Print the whole listing again exactly as it stands, leaving out any images.

* Dataset content:
□ □ □

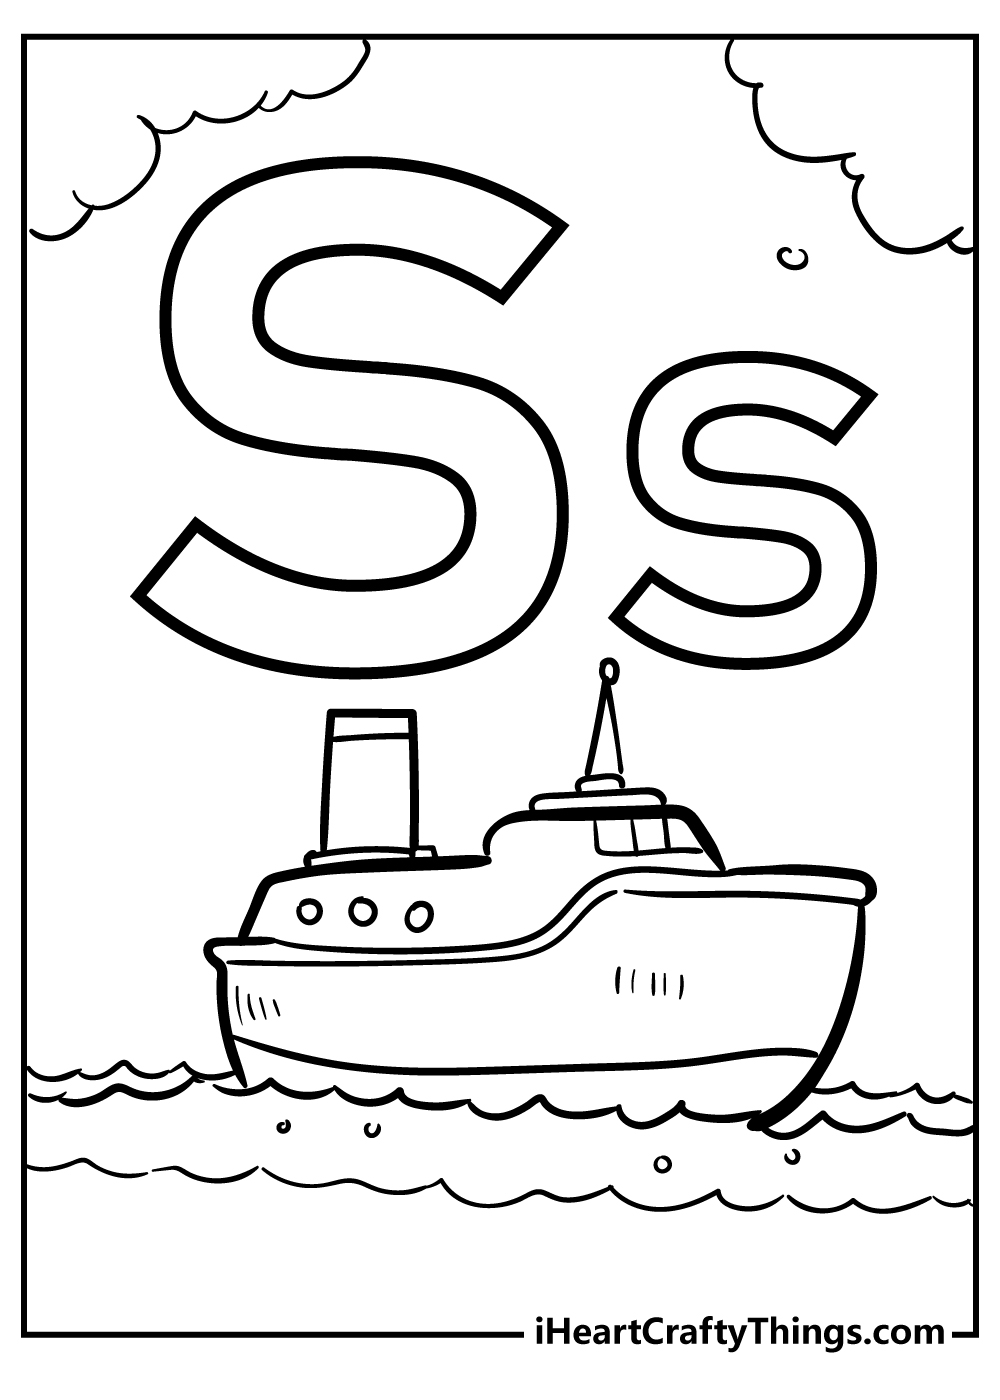 Letter S Coloring Pages for adults free printable
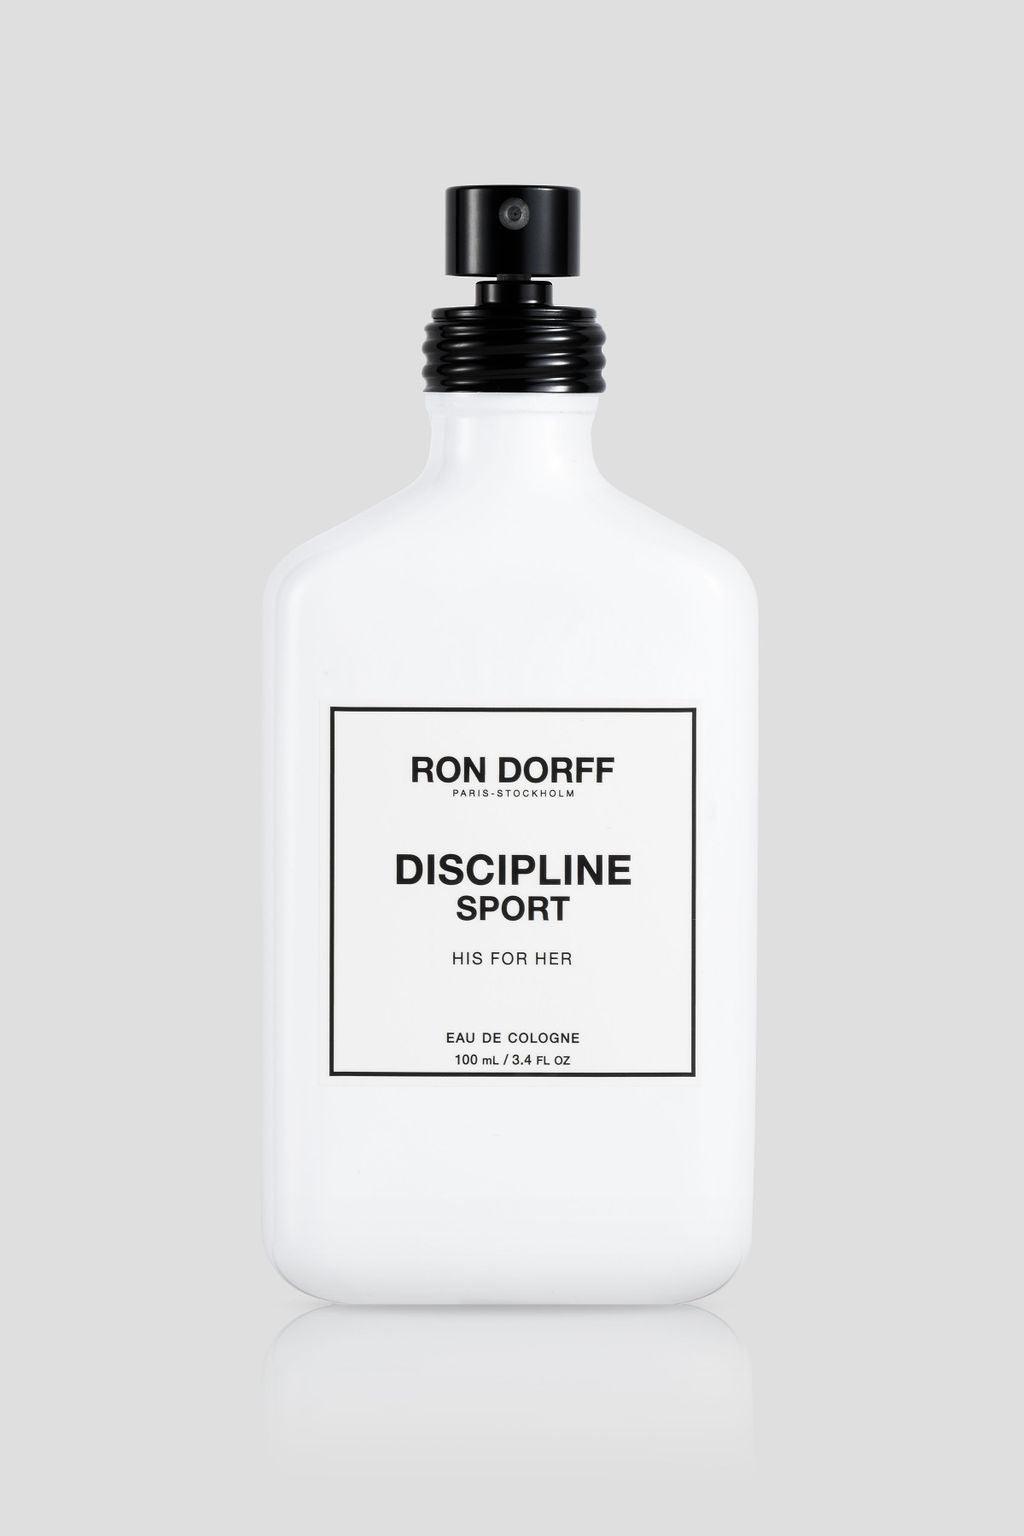 DISCIPLINE SPORT HIS FOR HER - SCENT BEAUTY
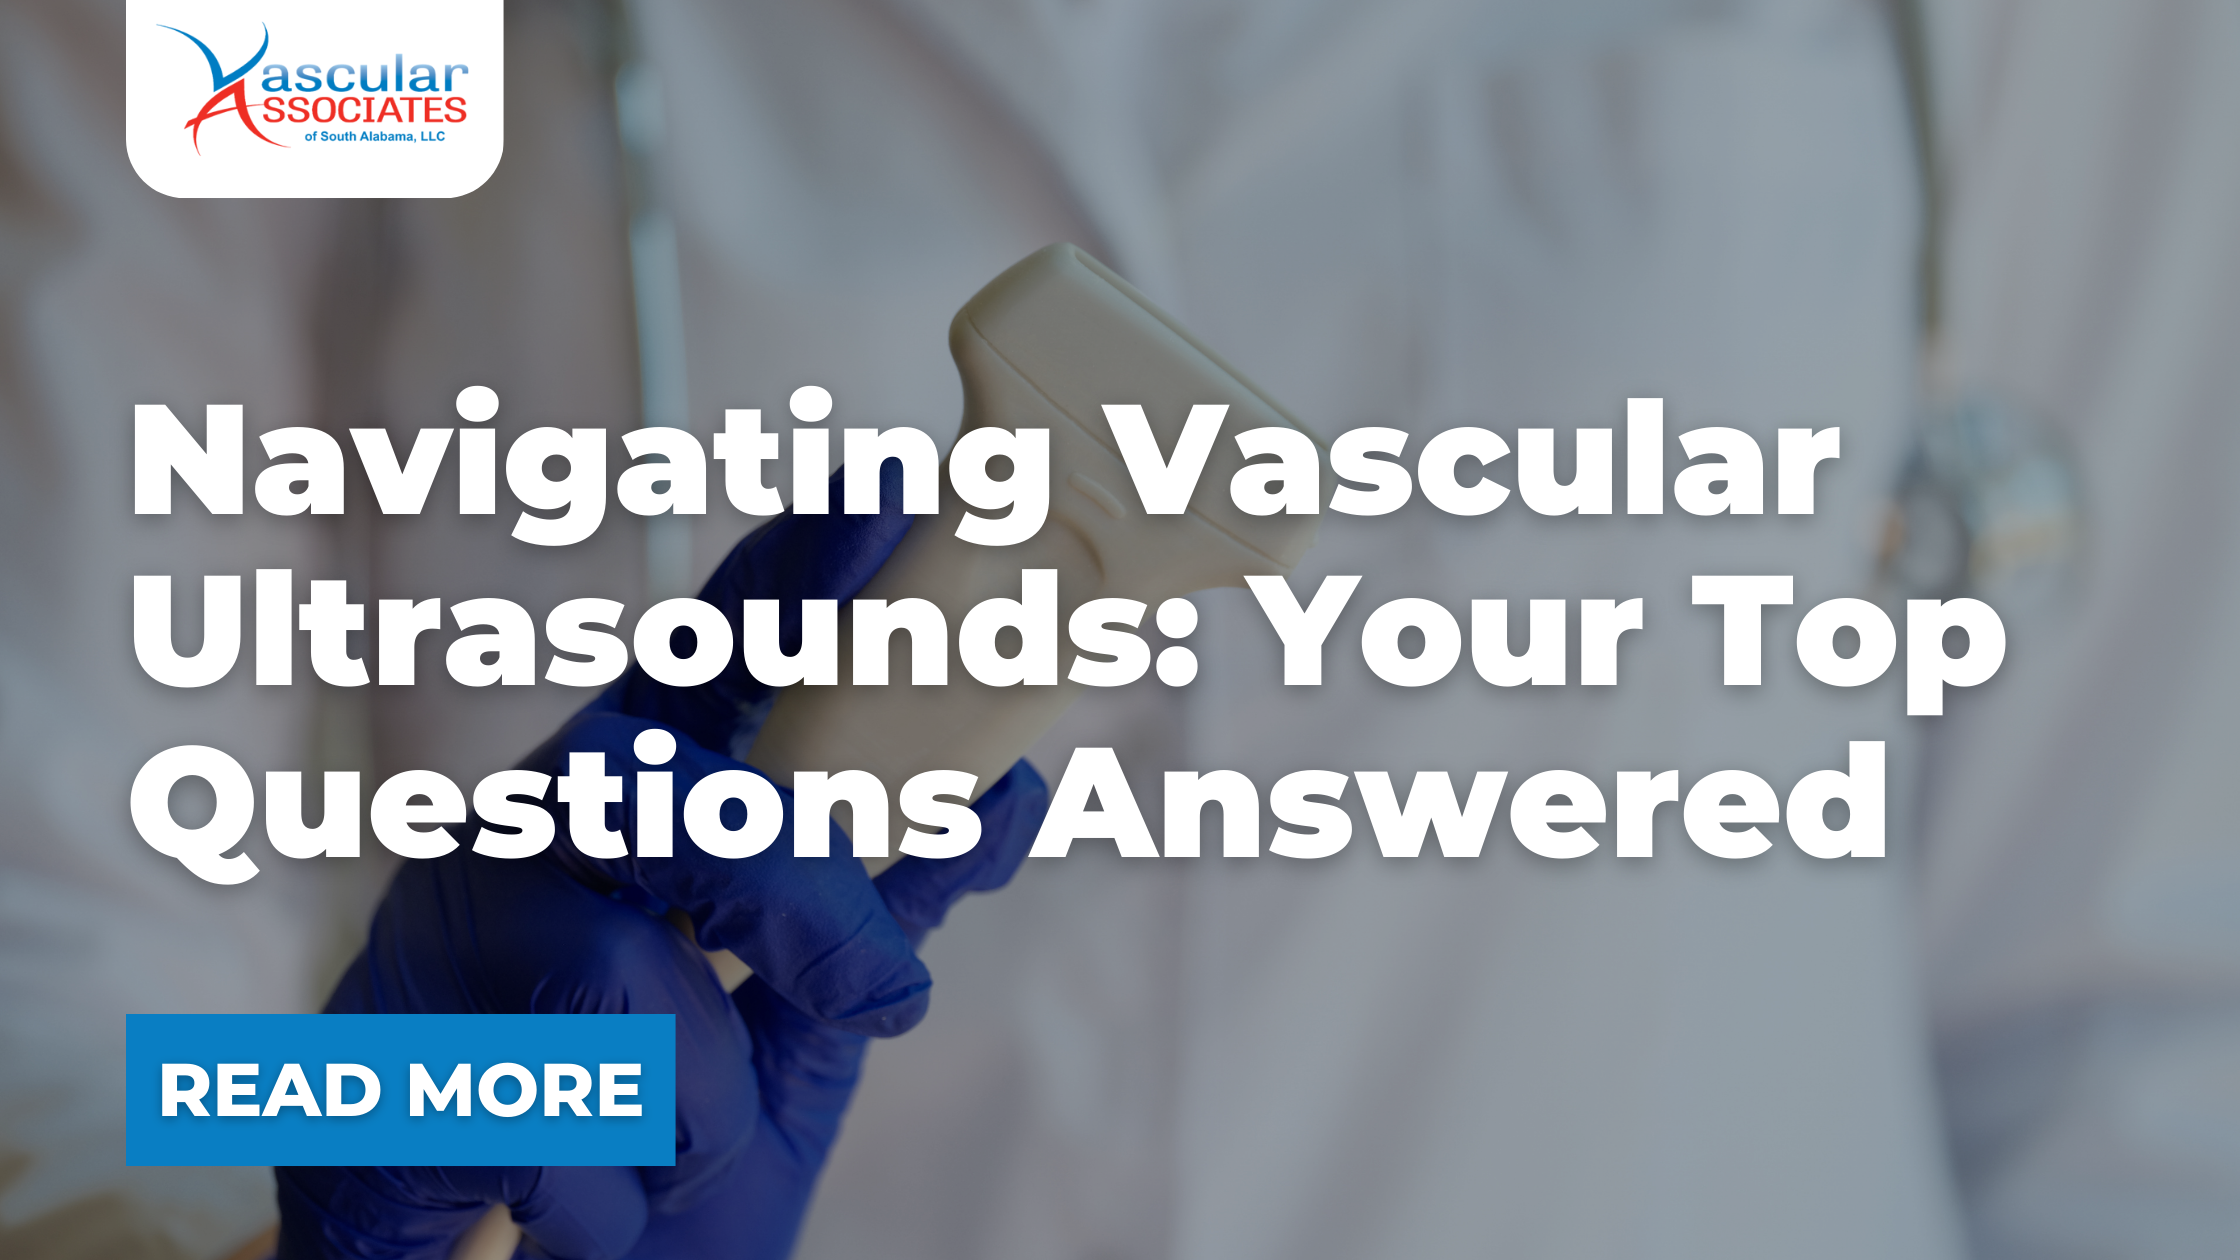 Vascular Blog - Navigating Vascular Ultrasounds Your Top Questions Answered.png

□ □ □

* Output for this exercise:
 Letter S Coloring Pages for adults free printable
 DISCIPLINE SPORT HIS FOR HER - SCENT BEAUTY
 Vascular Blog - Navigating Vascular Ultrasounds Your Top Questions Answered.png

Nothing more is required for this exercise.